- TASK ITEM -
Pictures stay out of the copy. Retype exactly, and only, the lines from the one containing "Winneconne, WI - 22" through the end of the listing below.

- COLLECTED MATERIAL -
****************************************

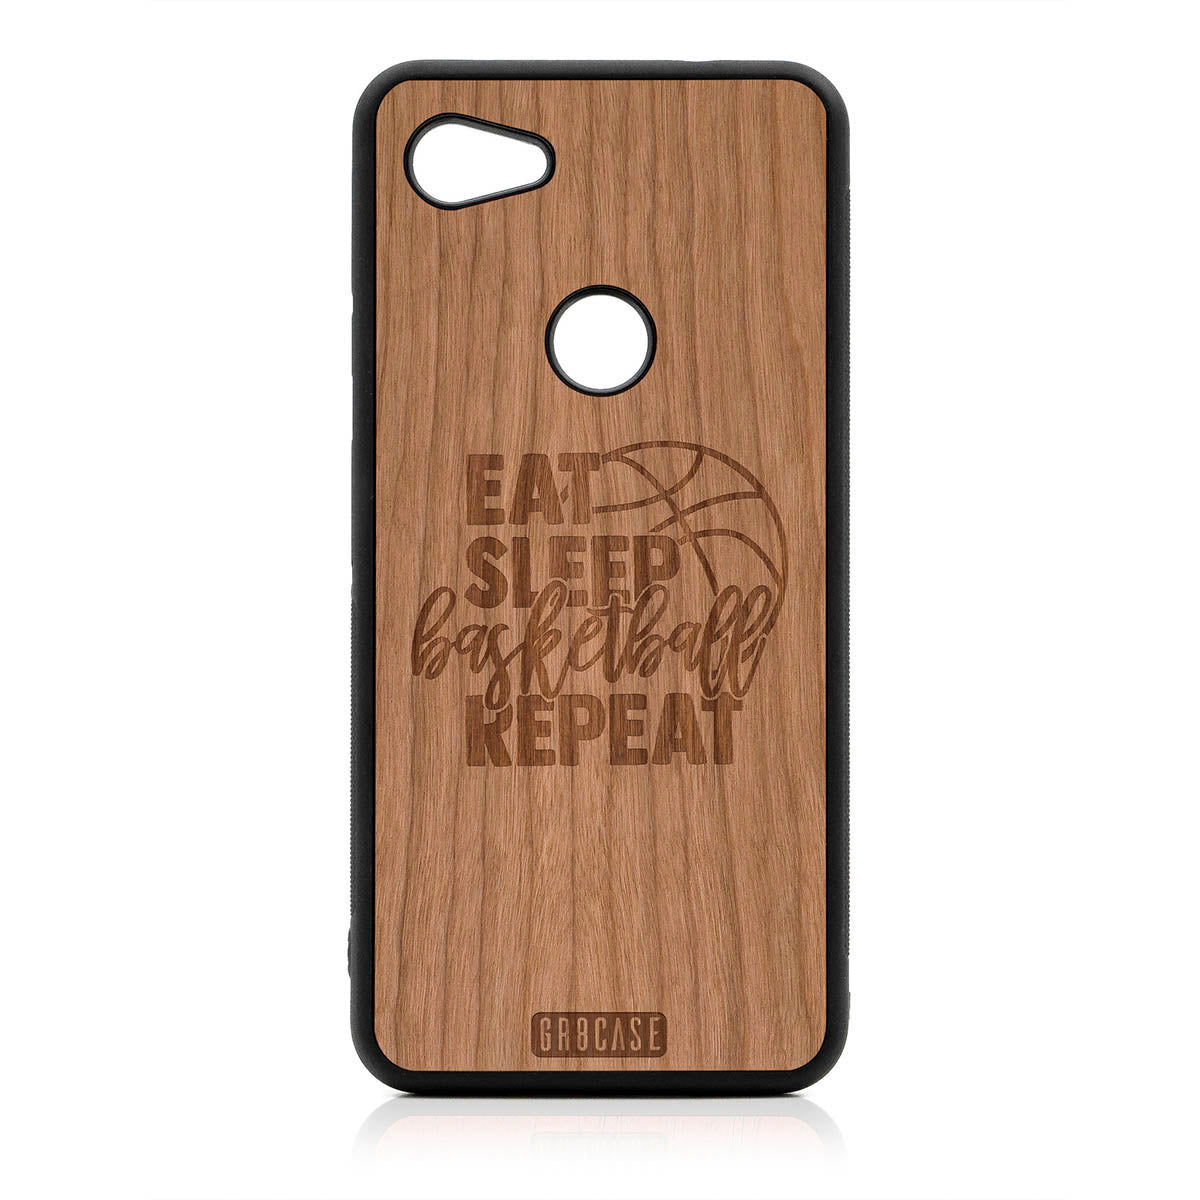 Eat Sleep Basketball Repeat Design Wood Case For Google Pixel 3A
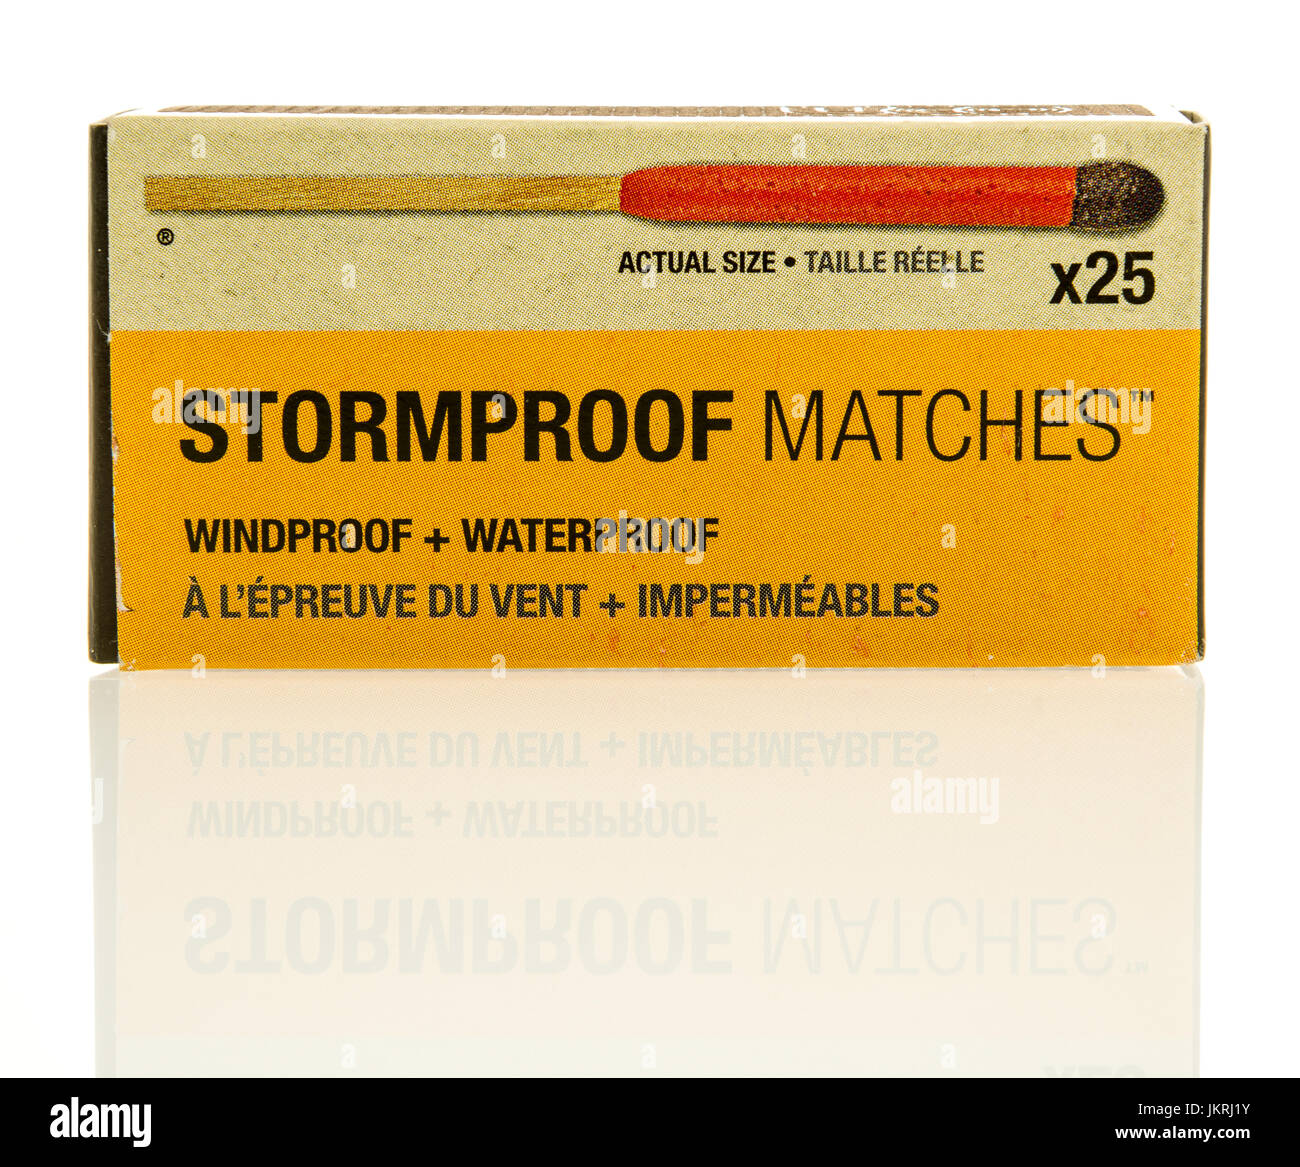 Winneconne, WI - 22 July 2017: A package of Stromproof matches on an isolated background. Stock Photo
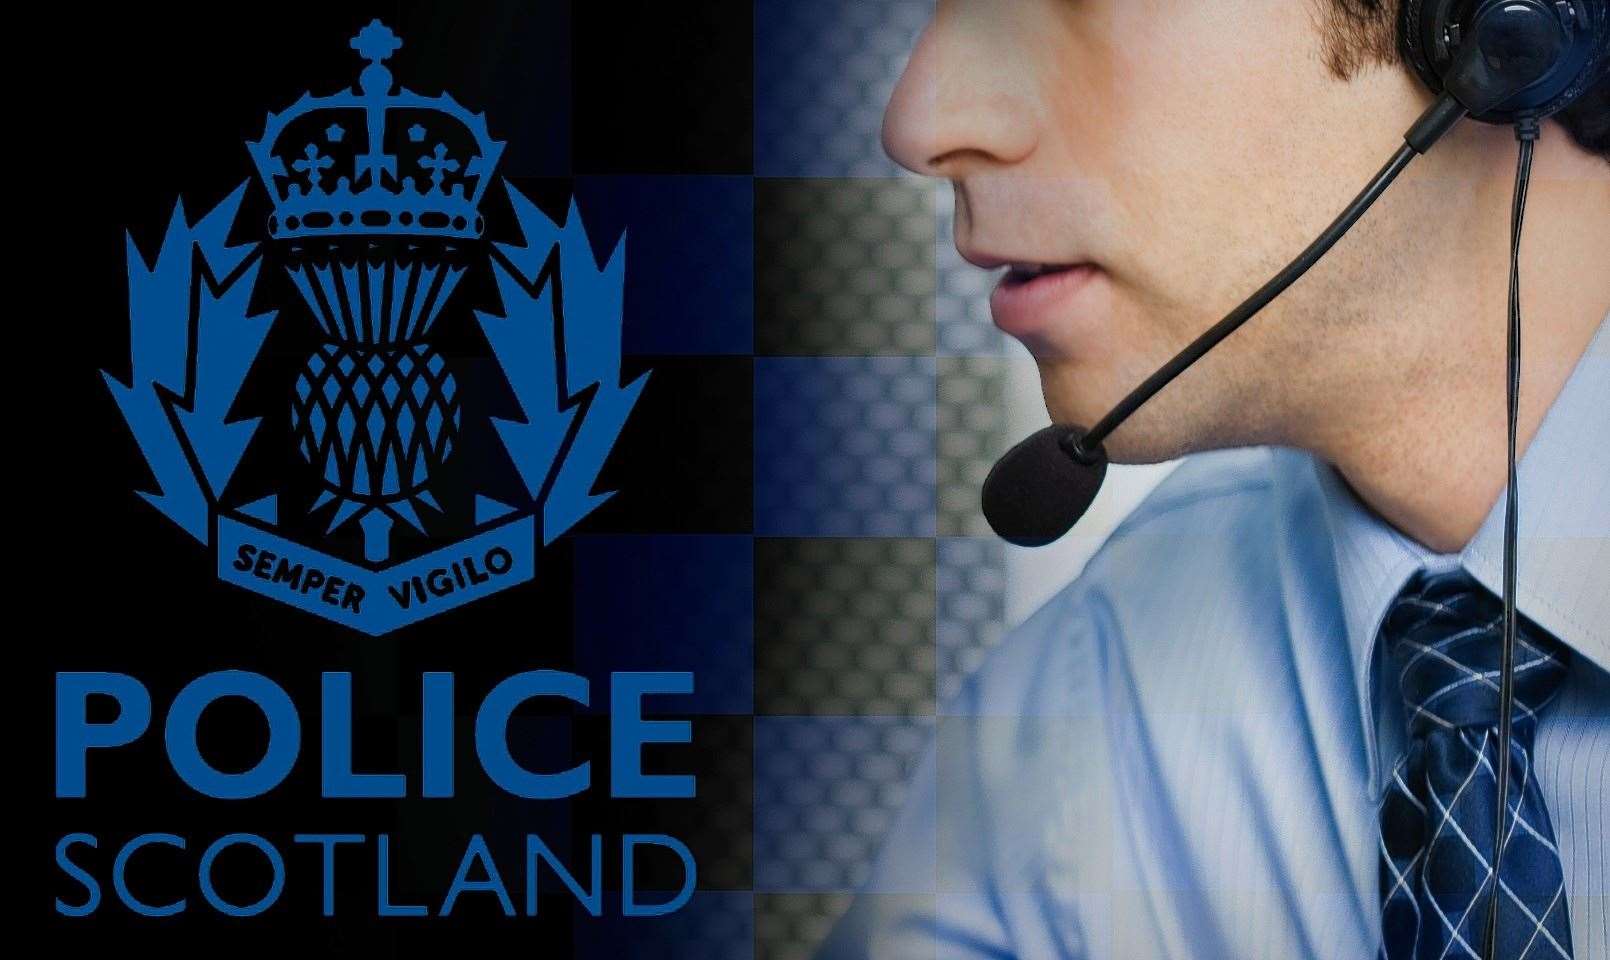 Police Scotland said the man died in hospital after becoming unwell

****************************************

- TASK ANSWER -
 Winneconne, WI - 22 July 2017: A package of Stromproof matches on an isolated background. Stock Photo
 Police Scotland said the man died in hospital after becoming unwell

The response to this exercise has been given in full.